● DATA TO USE

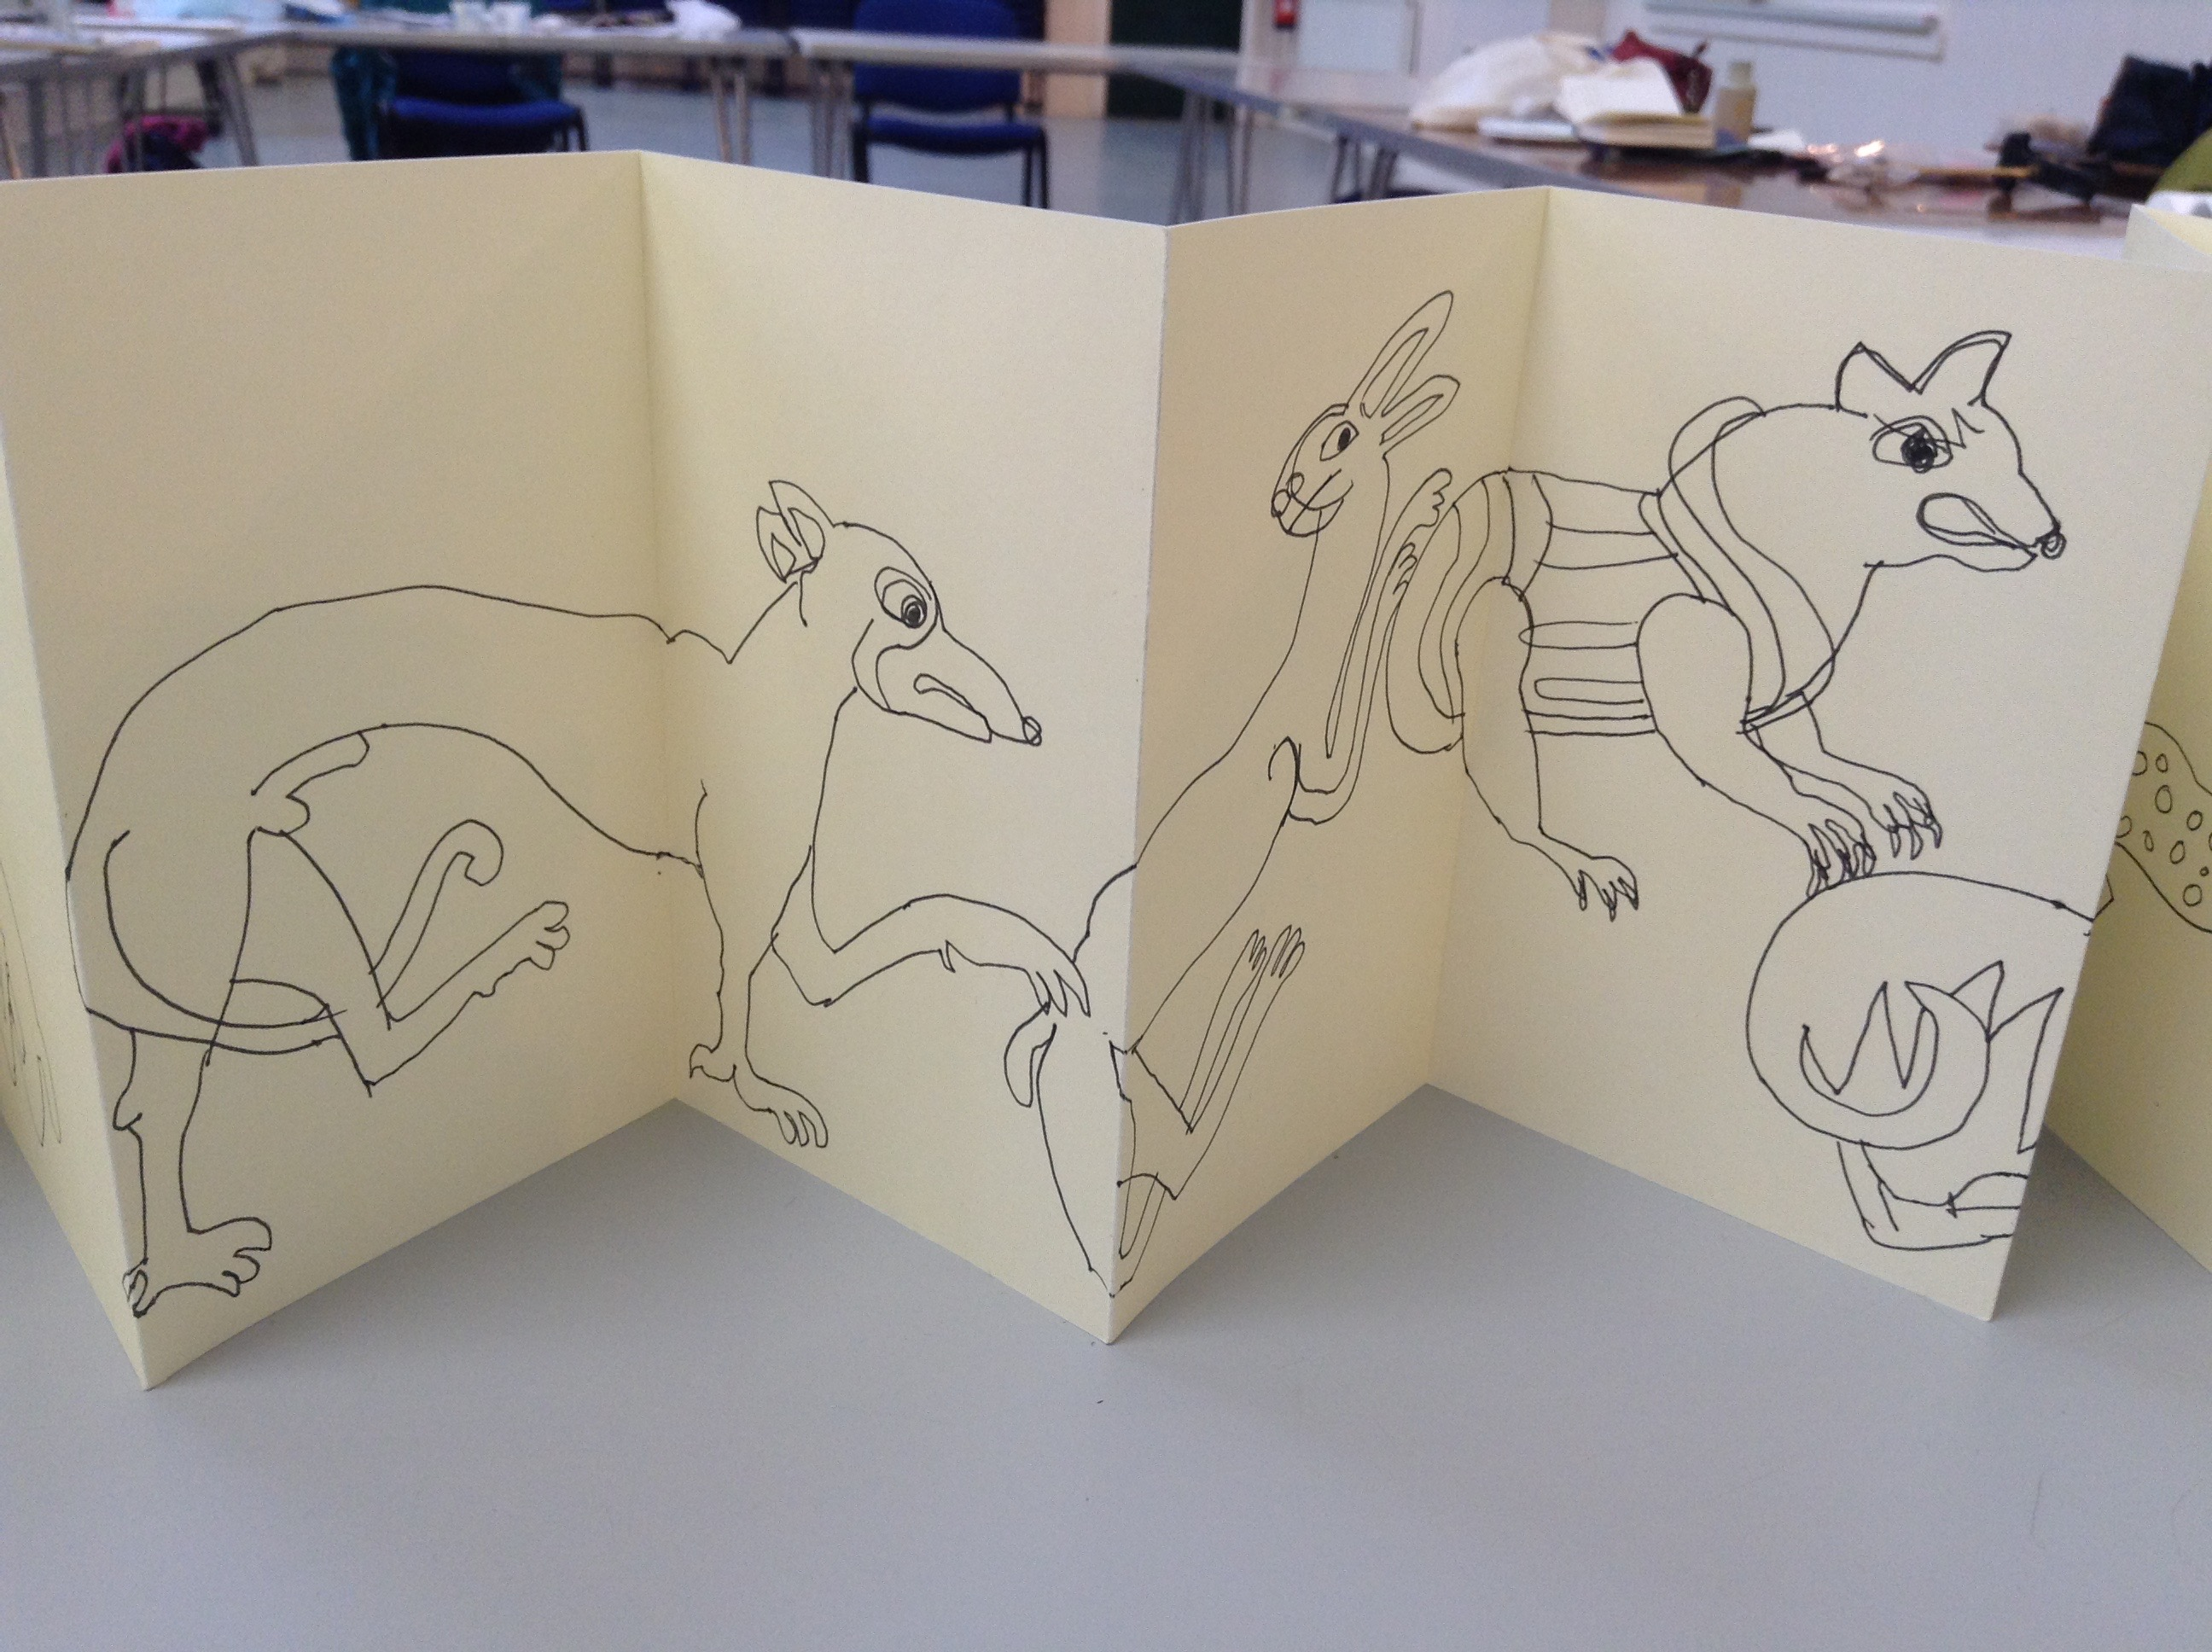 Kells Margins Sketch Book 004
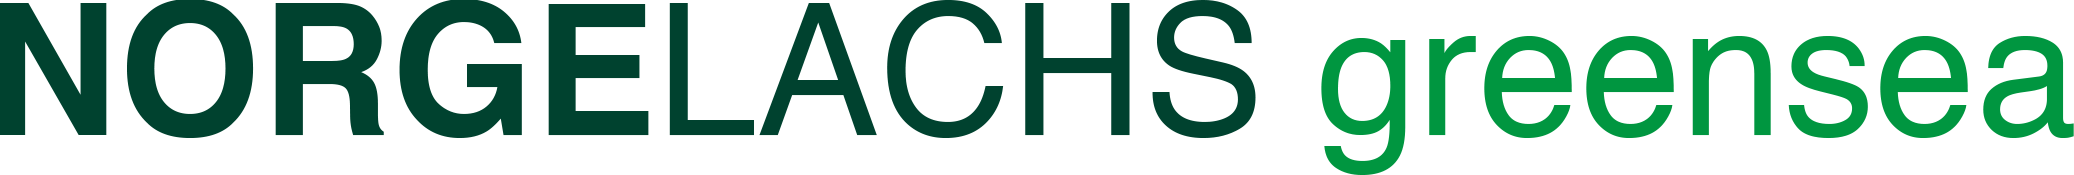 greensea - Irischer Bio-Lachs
...
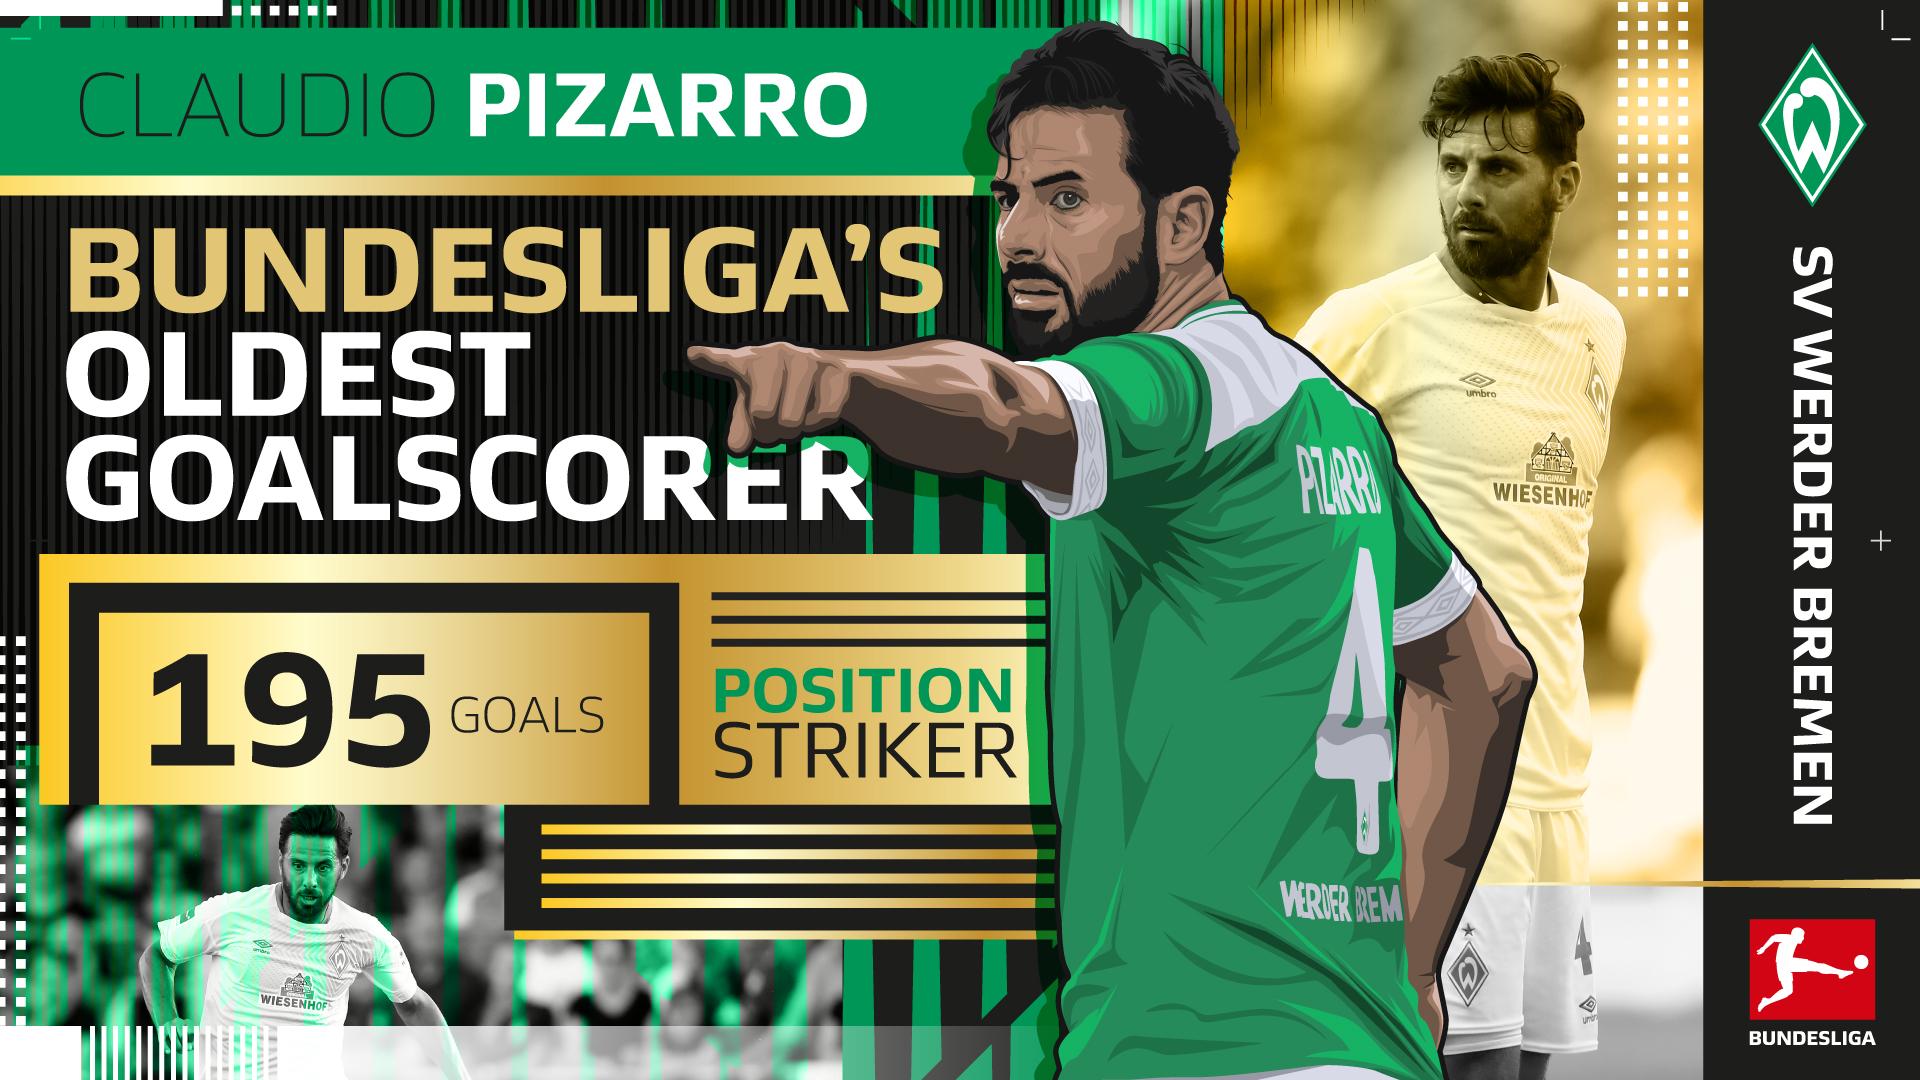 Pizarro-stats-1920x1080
* * *
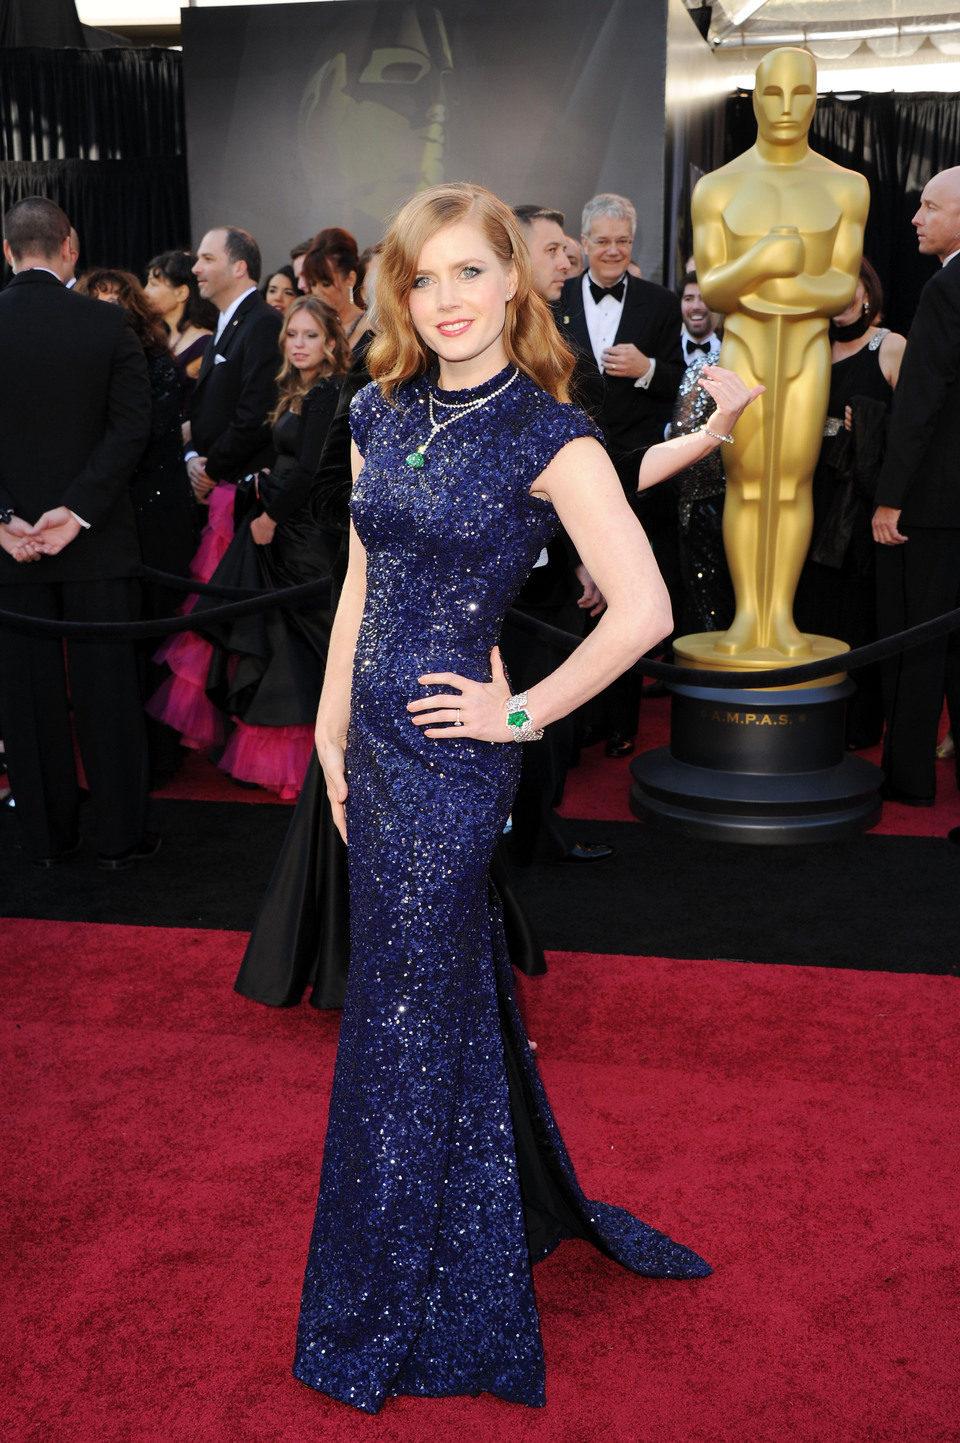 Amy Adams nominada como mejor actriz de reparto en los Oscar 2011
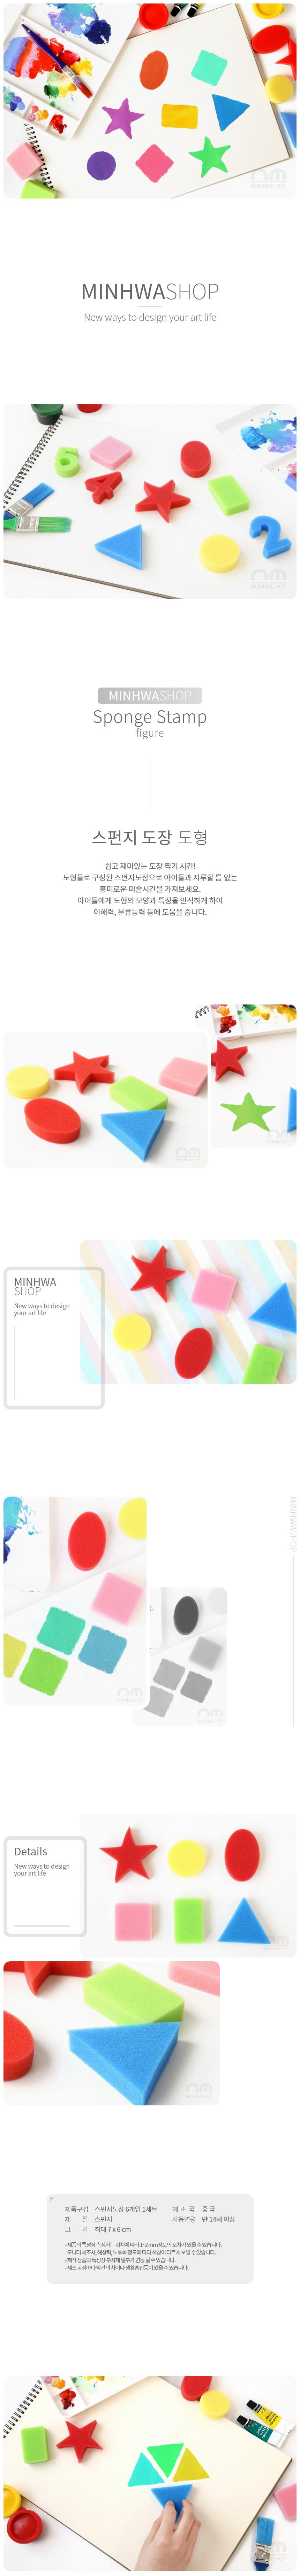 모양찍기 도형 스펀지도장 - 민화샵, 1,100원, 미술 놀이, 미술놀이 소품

● EXERCISE GOAL
In the listing above, find the line with "Amy Adams nominada" and the line with "모양찍기 도형 스펀지도장 - 민화샵, 1,100원, 미술 놀이, 미술놀이 소품". Copy exactly those two and every line between, without the pictures.

● THE COMPLETED TASK
 Amy Adams nominada como mejor actriz de reparto en los Oscar 2011
 모양찍기 도형 스펀지도장 - 민화샵, 1,100원, 미술 놀이, 미술놀이 소품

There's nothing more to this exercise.